GOD BLESS THE MOSSAD!
Pods on wiki-leaks for telling on Israel.
GOD BLESS THE MOSSAD!
Piss on wiki-leaks for telling on Israel.
Microsoft system 7 is crap code.
So, the Iranians should have used UNIX or Linux instead?
How about OpenVMS?
Siemens used Microsoft
Snow Leopard?
None of it matters. muslims have not invented anything in over 1,000 years - being a copy-cat and thinking your important is a silly position.
Must have been Israel that planted this bug. If it had been done by us, why didn’t we give it to North Korea too?
... and the first best story ever told is ... ?
I hope Siemens had a hand in this Search and Destroy as I’m getting a second Siemens hearing aid on the 2nd...
If you go to the Sky News video, you come away with the idea that this technology is aimed at the West and we are so far behind the curve that we have already lost the Cyberwar of the future because we are so far behind.
To the contrary, I believe this shows the world just how far in advance the West is in cyberwarfare—and the glimpse that the mystery hackers allowed the rest of the world to see was specifically meant to demonstrate our lead as a warning.
At least I hope so.
May God bless and protect Israel.
The Greatest Story Ever Told?
I don’t know much about this stuff, but I wonder if the thing could be like certain trojans: you think you’ve gotten rid of them, you wipe the hard drive and reinstall everything, and six months or six weeks later the damn thing is back.
Ah, didn’t know that was a movie. Looked it up. Thanks.
This is a classic rock and a hard place problem. Clamp down tight, kill efficiencies. Don't clamp down and get hit again...
I cant imagine why theyd do that unless Siemens itself is part of this or is under heavy pressure from the German government to cooperate.
The password in question is the database access password use by the SCADA software. It cannot be changed without a software update apparently. Just bad design, not nefarious pressure. From Siemens' website:
The user login and the password for WinCC are freely definable and have nothing to do with access to the internal database.
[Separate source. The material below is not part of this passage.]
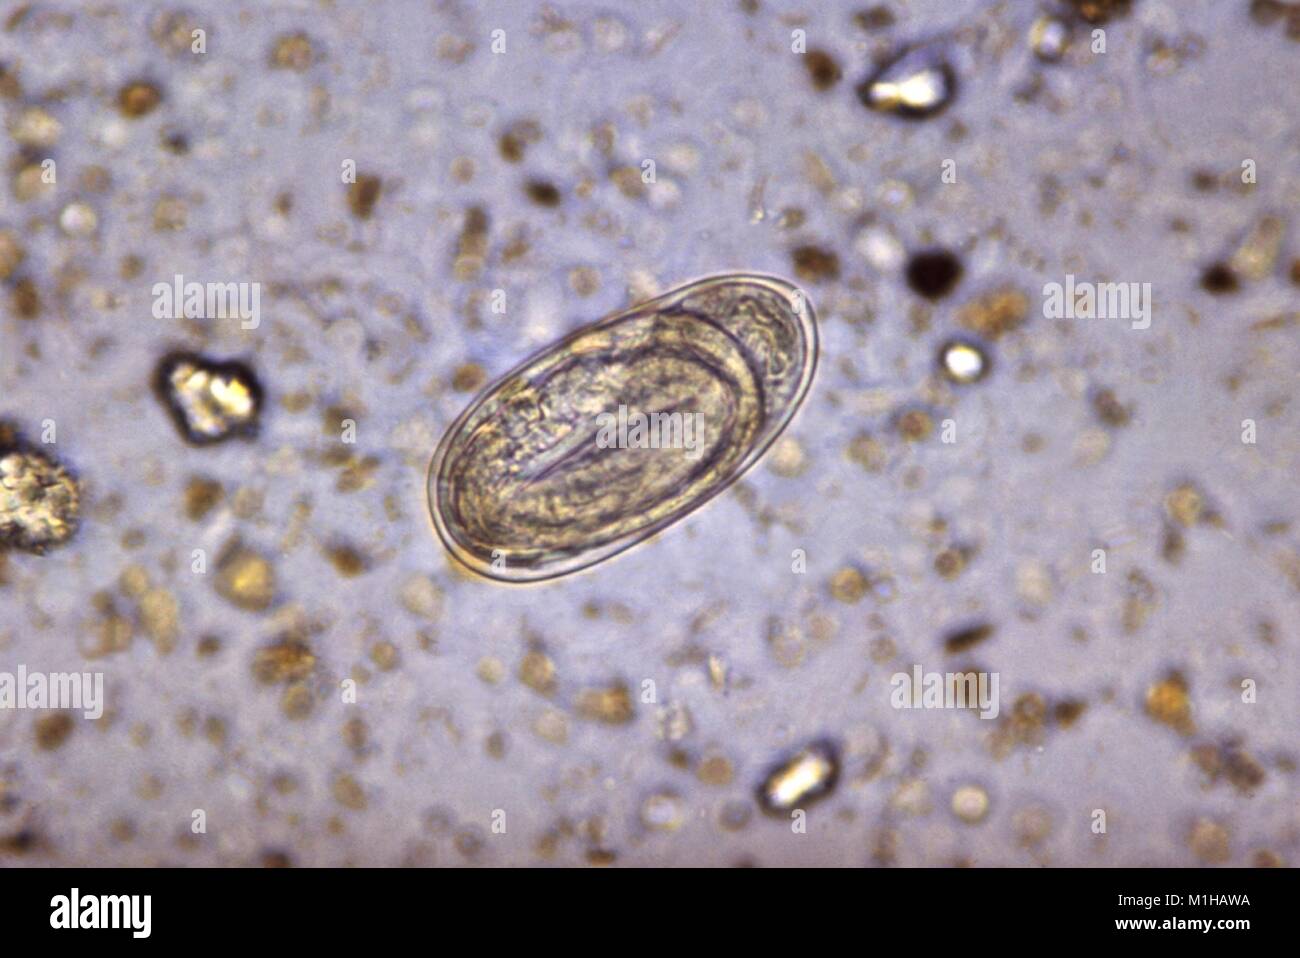 Photomicrograph of an embryonated hookworm egg  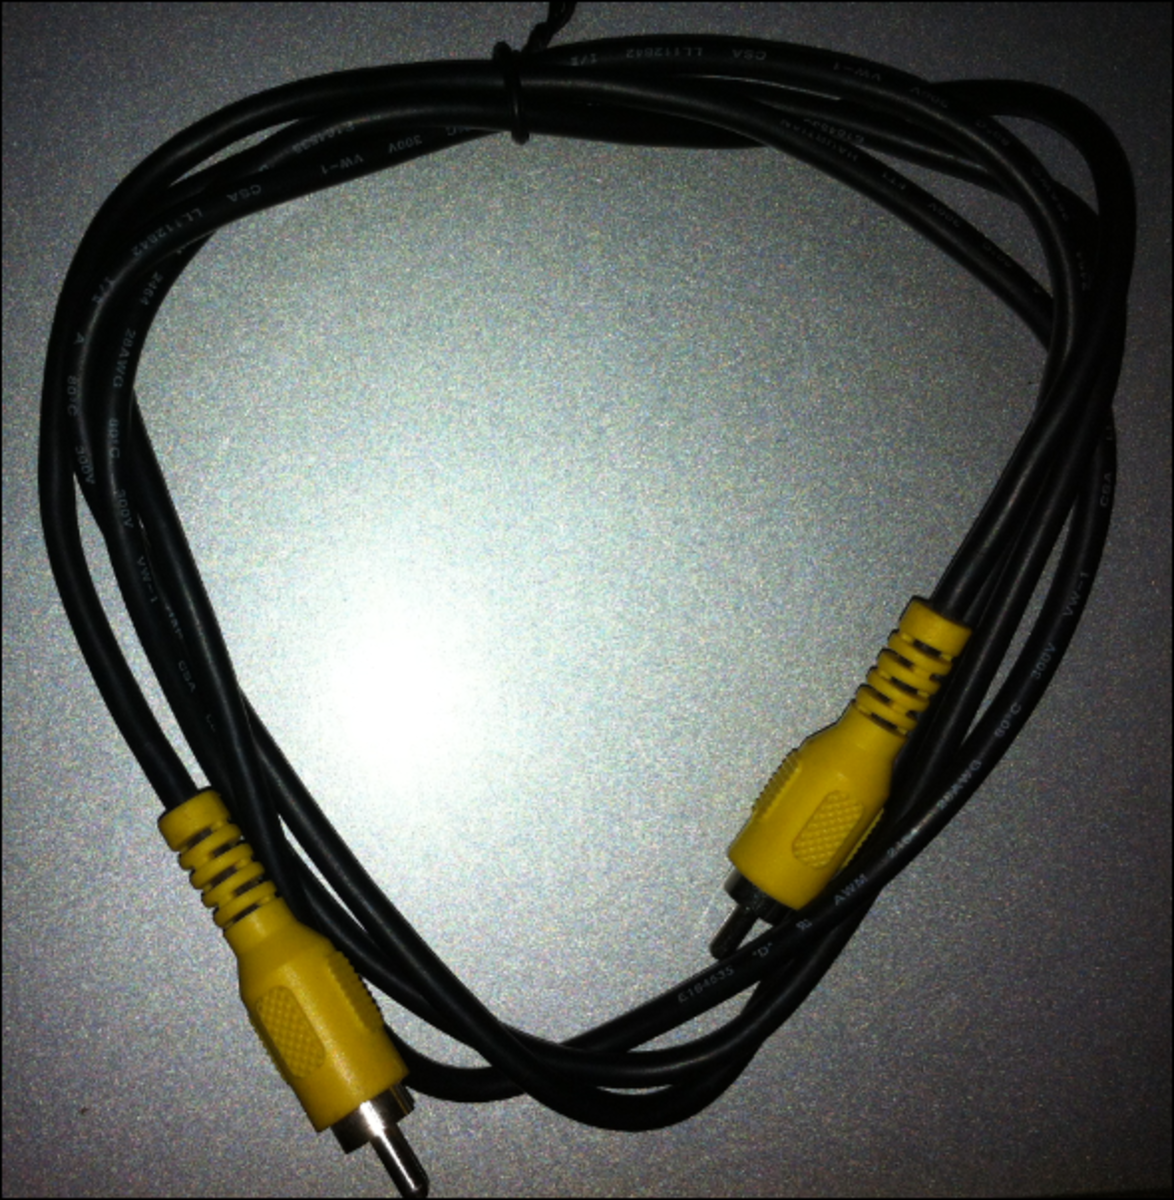 An RCA video cable

The internal system authentication from WinCC to the Microsoft SQL database is based on pre-defined access data. This data is not visible for the customer and is used as an internal system mechanism for communication between the WinCC system components and the database. Changing the access data would impede communication between WinCC and the database and is therefore not recommended. Tightening up authentication procedures is being examined.
The other thing about this article that I think is wrong is that the certificate stolen from Realtek would have been used to sign software executables to hide them from Windows and from scanning software by making it look like a legitimate driver or application from Realtek.
I am not a nuclear physicist, but since centrifuge cascades are in series, not parallel, I would think that ALL of the centrifuges would have to work correctly at the same time, requiring very high reliability.
Would you want to reuse centrifuges that had been monkeyed with by Stuxnet in series with known good centrifuges?
It just keeps getting better. Are you feeling lucky, Mahmoud?
That’s all sorts of awesome. Of course, knowing the problem is one thing. Knowing how to fix the problem, quite another.